● GIVEN INFORMATION:
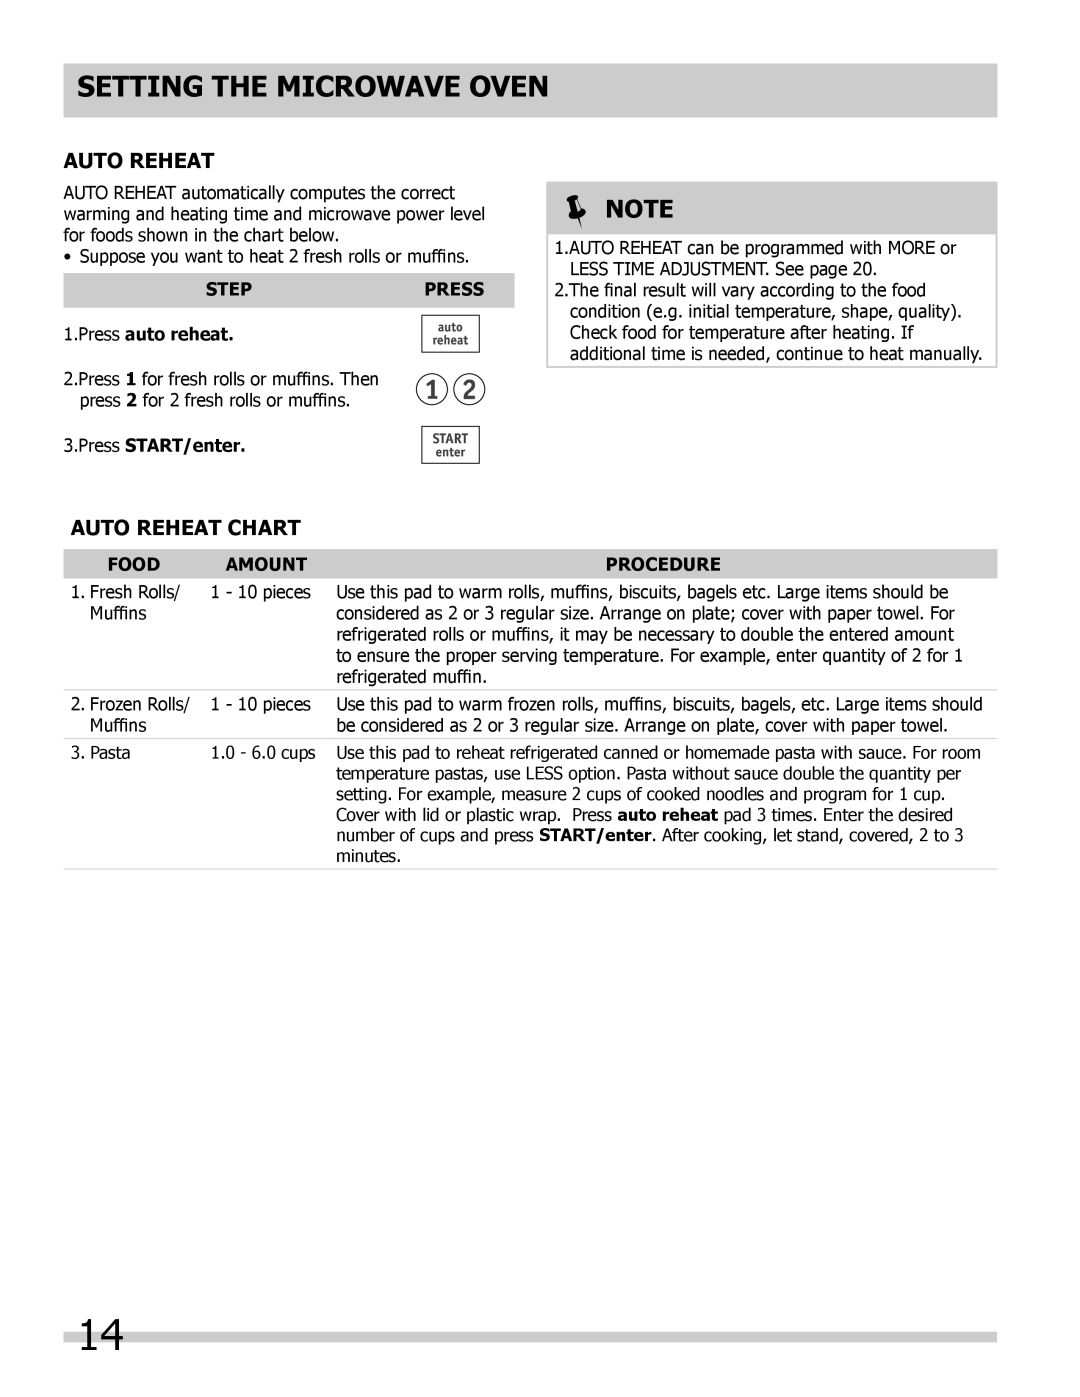 Frigidaire 318205300 Auto Reheat Chart, SETTING THE Microwave oven,  Note, StepPress 1.Press auto reheat, Food 
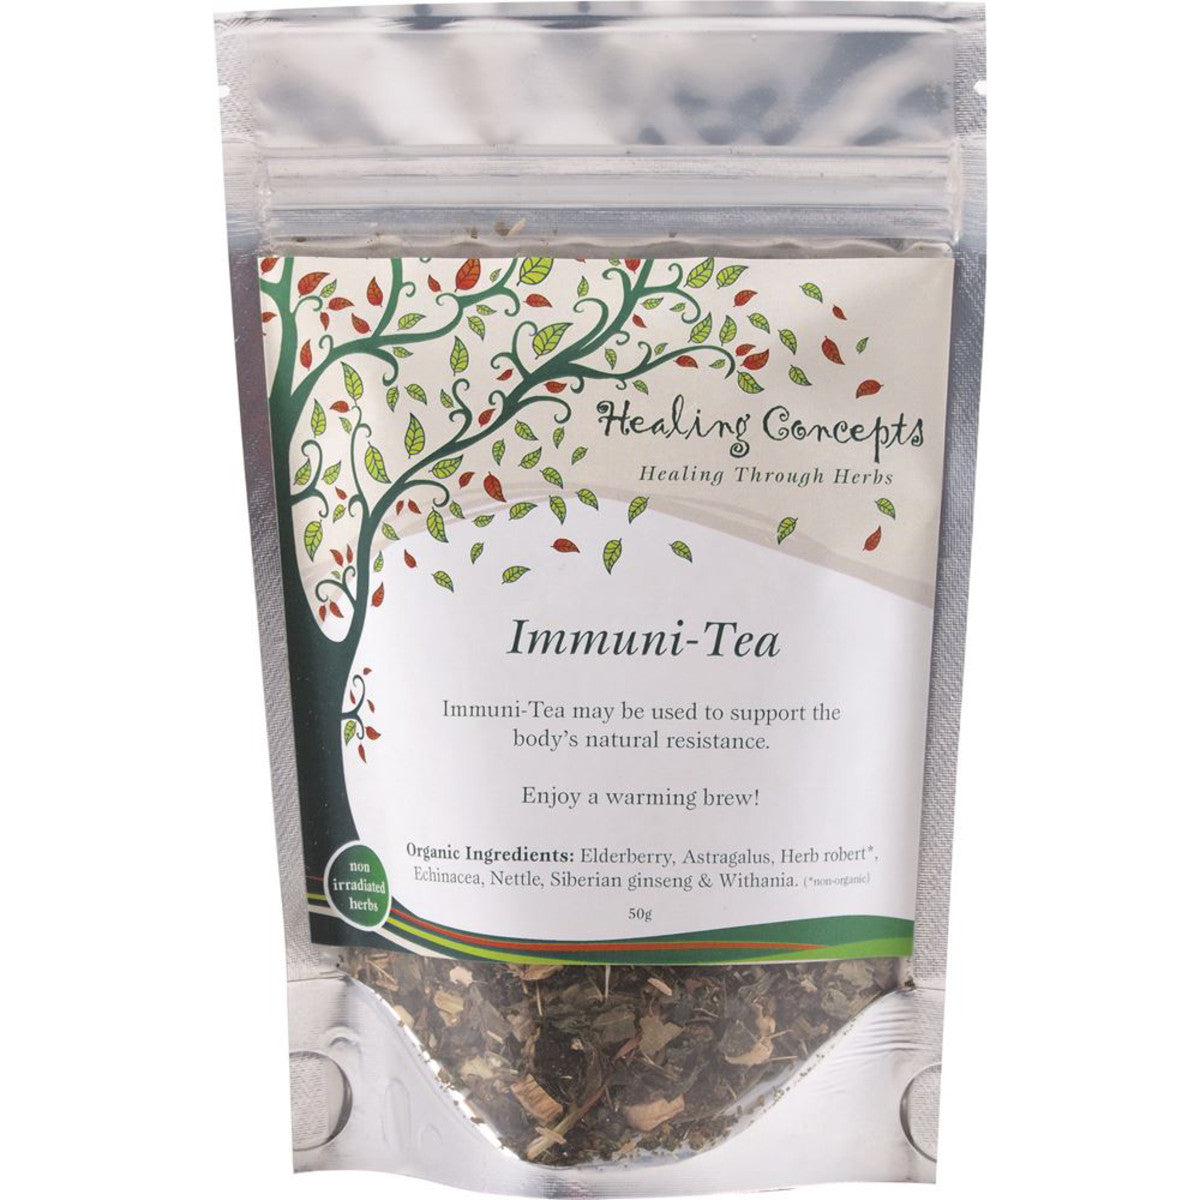 Healing Concepts Immuni-Tea 50g, Certified Organic
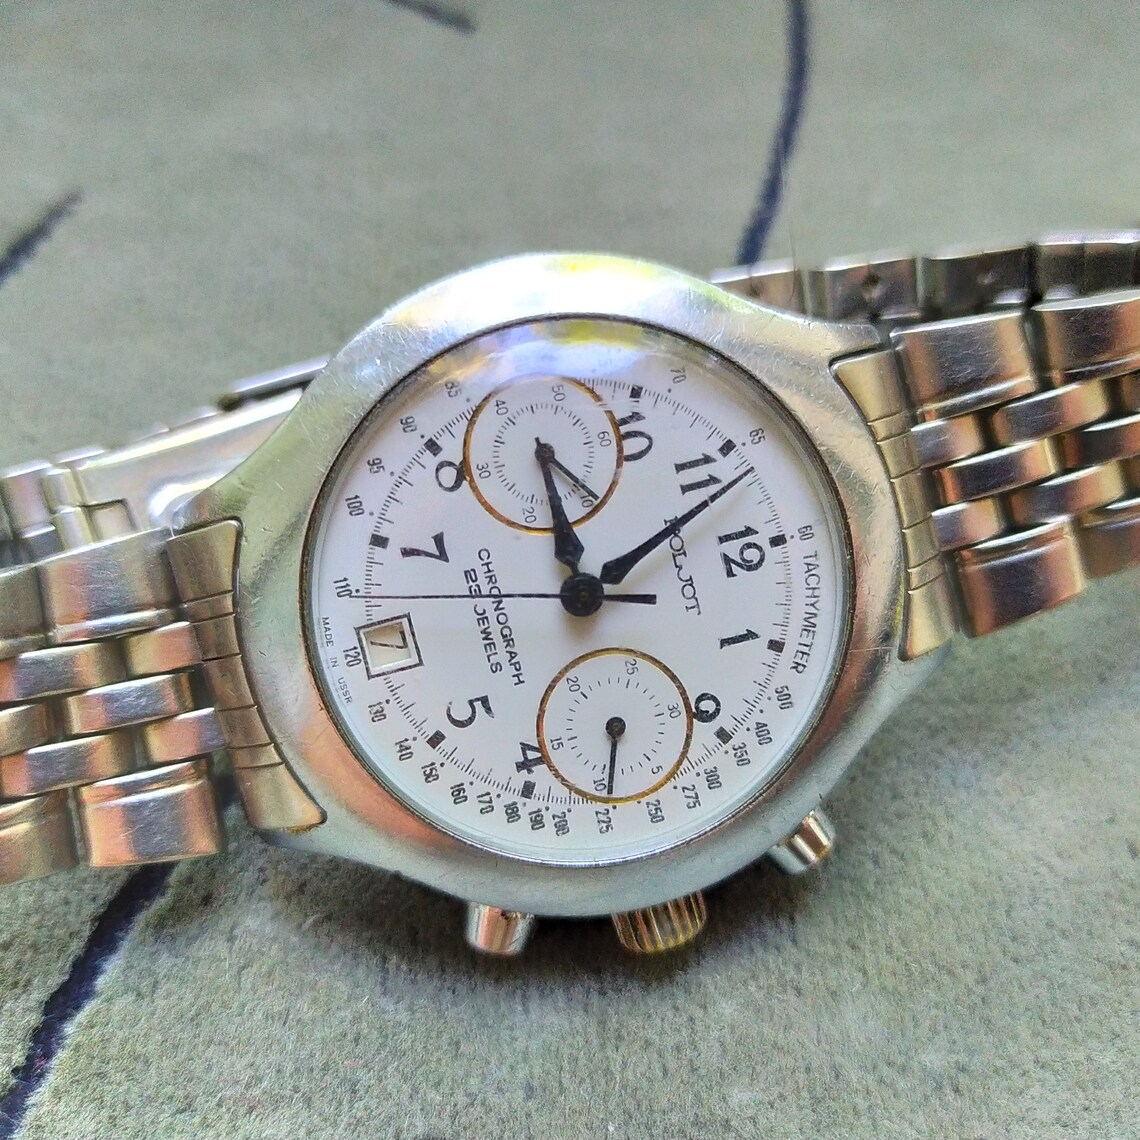 Wrist Watch POLJOT Chronograph STURMANSKIE 3133 23 Jewels Made - Etsy

● TASK: Repeat verbatim the lines from the one holding "Healing Concepts Immuni-Tea" through the end of the listing above, both ends included, but not the pictures.

● SOLUTION TO THE EXERCISE:
 Healing Concepts Immuni-Tea 50g, Certified Organic
 Wrist Watch POLJOT Chronograph STURMANSKIE 3133 23 Jewels Made - Etsy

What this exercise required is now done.